As I understand he had 3 requirements for comparative advantage to work;
- full employment
- capital not allowed to cross borders
- trade basically equal
We are not observing any. Lillte harder head slap this time!
I suggest you gain a deeper understanding of Comparative Advantage. It works under all those less than ideal situations and more.
You mean like how it’s working so well for our economy?
muir–
CA is not some vague hand-waving argument. It can be quite simply laid out and understood mathematically with very basic noncontroversial assumptions.
If you have an MD, then I presume you have at least a linear algebra education in mathematics. It is quite easy to lay out the 2 person multiproduct case, and almost trivial to lay out the 2 person 2 product case. When you do, you will speak differently about CA.
This super wealthy Senecan is the Senecan state. No individual could exercise this much authority. Individuals have only two hands. Maybe this Senecan doesn’t call itself “the state”, but the effect is the same.
They still have jobs. They now work for the Senecan state. Maybe they’re producing Senecan marbles or jellybeans. Maybe they’re doing something else.
Why would the Senecan state want Clemsonians to move? Seneca annexes Clemson. Maybe it doesn’t call its action “annexation”, but the effect is the same.The historical precedent for this sort of thing is overwhelming.

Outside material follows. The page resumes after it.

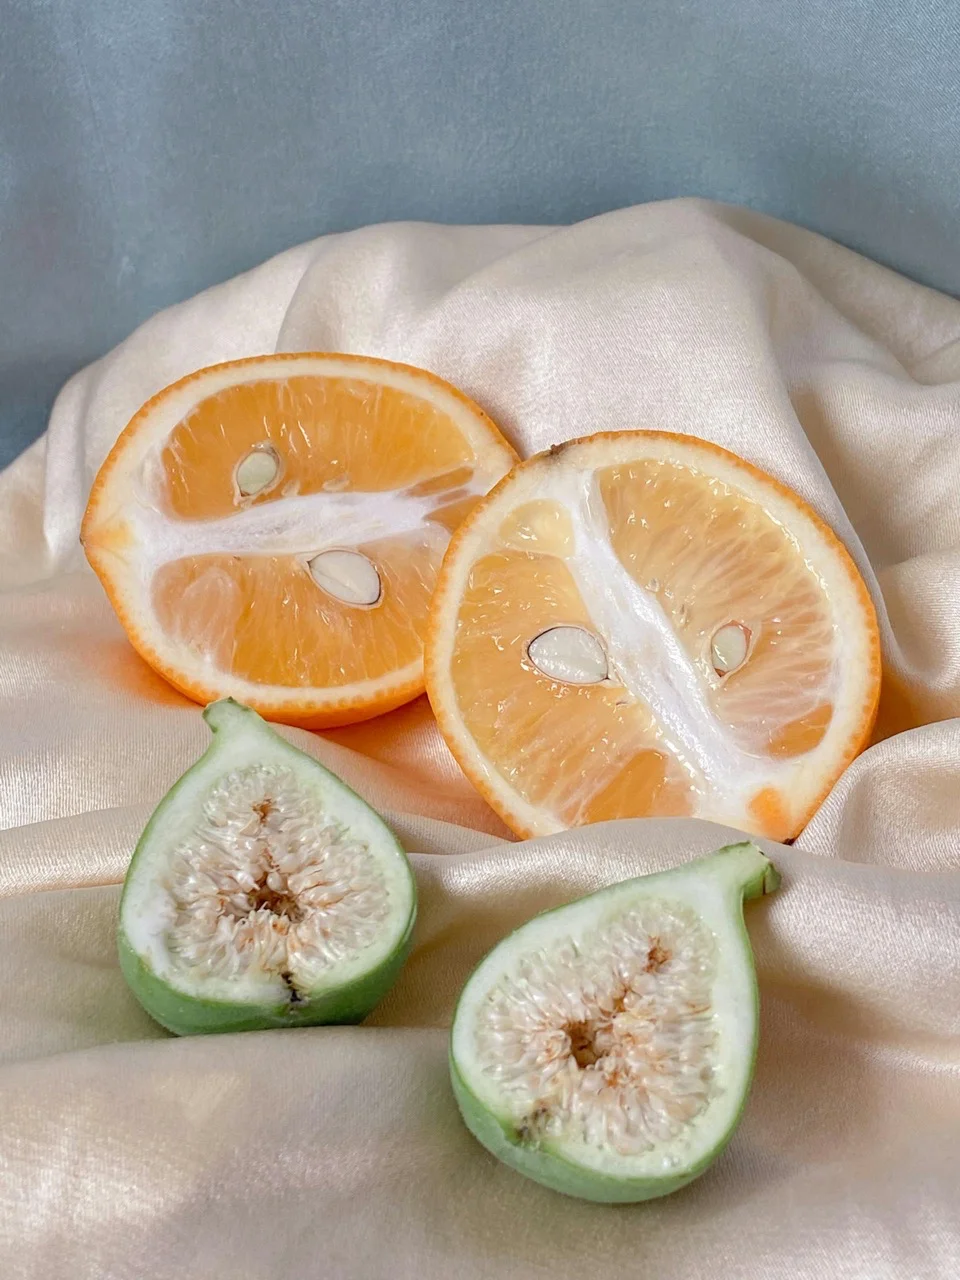 Incorporating Figs and Oranges into Your Spa Day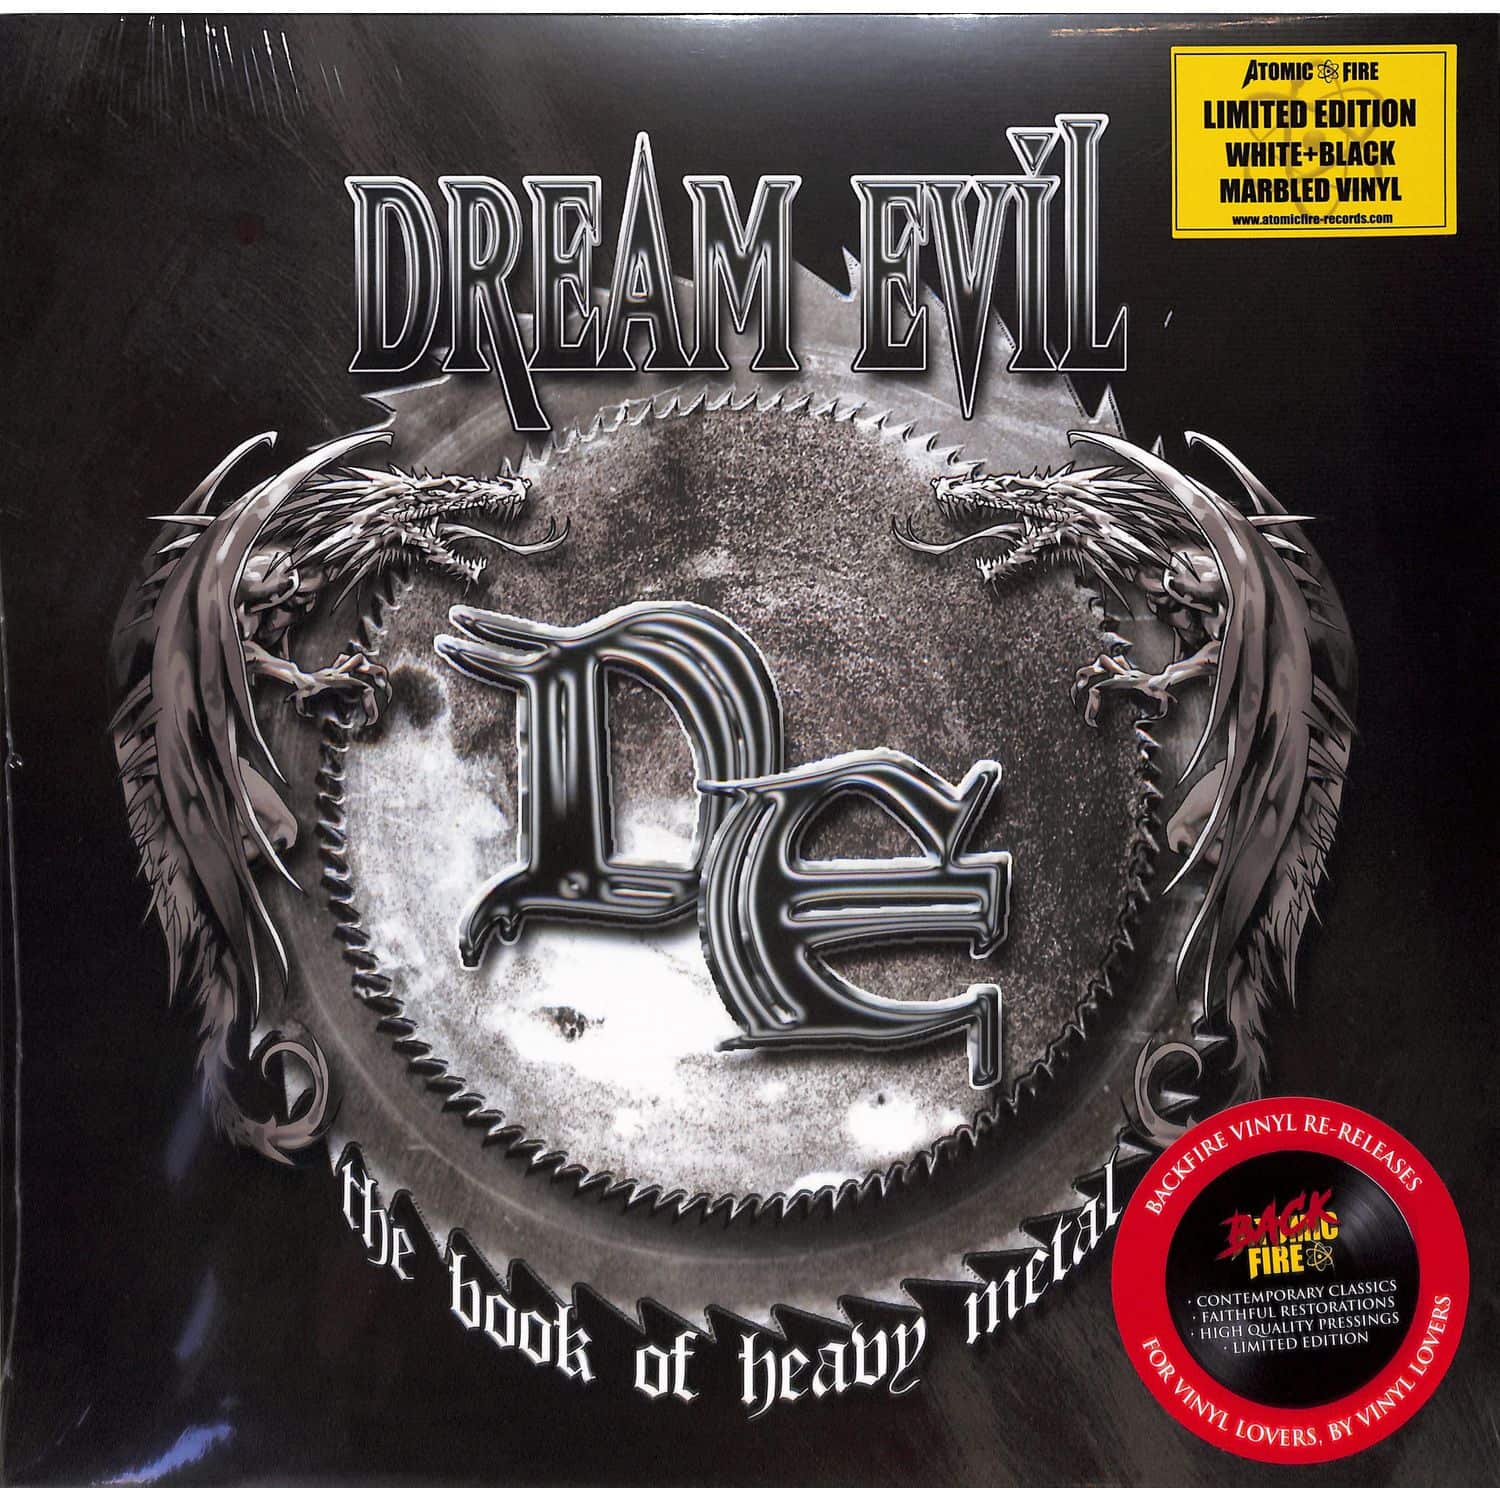 Dream Evil - THE BOOK OF HEAVY METAL

Guys the simple muirduck answer is kill the super wealthy individual in the public square! Ding, ding, ding!!!!
And your answer is to succeed power to a wealthy elite ruling class.
Quite simple I believe my position is more economically efficient, more liberty producing and less likely to lead to concentrated wealth and power.
You guys seem quite comfortable supporting concentrated power and wealth. Maybe there is a flaw in my logic but the goals are clearly for a more just, efficient and equitable economy/society. Unregulated capitalism does not produce such results. It fails miserably on all 3 goals.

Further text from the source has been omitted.